Cyclin-dependent kinases (CDKs) not only regulate the mammalian cell cycle, but
also influence other vital cellular processes, such as stem cell renewal,
differentiation, transcription, epigenetic regulation, apoptosis, and DNA repair.
Chromosomal translocations, amplification, overexpression and altered CDK
activities have been described in different types of human cancer, which have
made them attractive targets for pharmacological inhibition. Mouse models
deficient for one or more CDKs have significantly contributed to our current
understanding of the physiological functions of CDKs, as well as their roles in
human cancer. The present review focuses on selected cell cycle kinases with
recent emerging key functions in hematopoiesis and in hematopoietic malignancies,
such as CDK6 and its role in MLL-rearranged leukemia and acute lymphocytic
leukemia, CDK1 and its regulator WEE-1 in acute myeloid leukemia (AML), and
cyclin C/CDK8/CDK19 complexes in T-cell acute lymphocytic leukemia. The knowledge
gained from gene knockout experiments in mice of these kinases is also
summarized.

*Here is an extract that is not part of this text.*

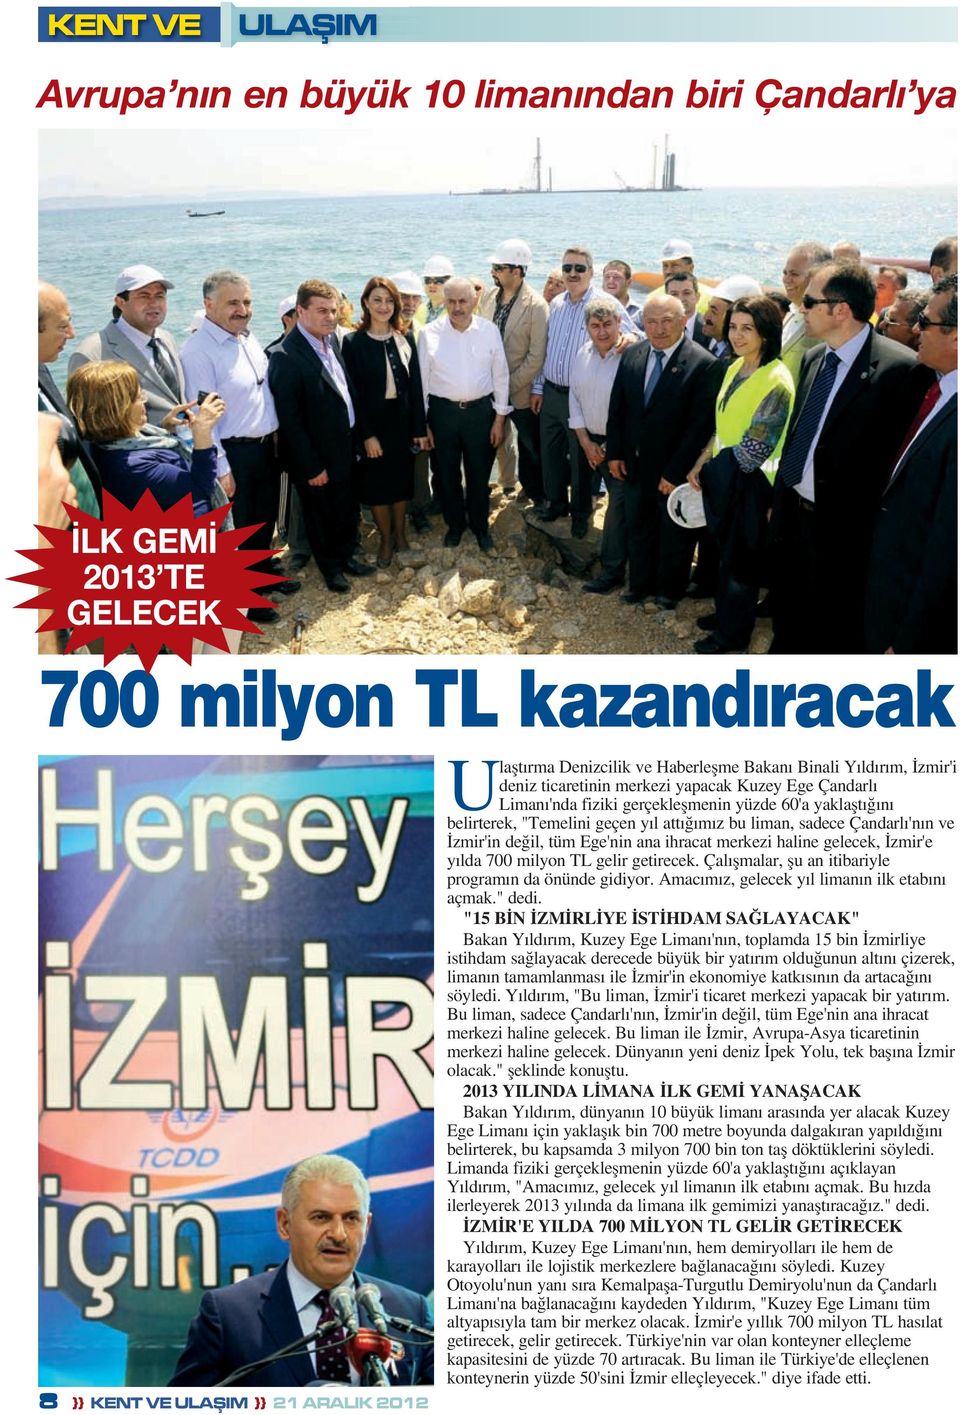 Çandarlı'nın ve İzmir'in değil, tüm Ege'nin ana ihracat merkezi haline gelecek, İzmir'e yılda 700 milyon TL gelir getirecek. Çalışmalar, şu an itibariyle programın da önünde gidiyor.

An overview of compounds targeting these kinases, which are currently
in clinical development in various solid tumors and hematopoietic malignances, is
presented. These include the CDK4/CDK6 inhibitors (palbociclib, LEE011,
LY2835219), pan-CDK inhibitors that target CDK1 (dinaciclib, flavopiridol,
AT7519, TG02, P276-00, terampeprocol and RGB 286638) as well as the WEE-1 kinase
inhibitor, MK-1775. The advantage of combination therapy of cell cycle inhibitors
with conventional chemotherapeutic agents used in the treatment of AML, such as
cytarabine, is discussed.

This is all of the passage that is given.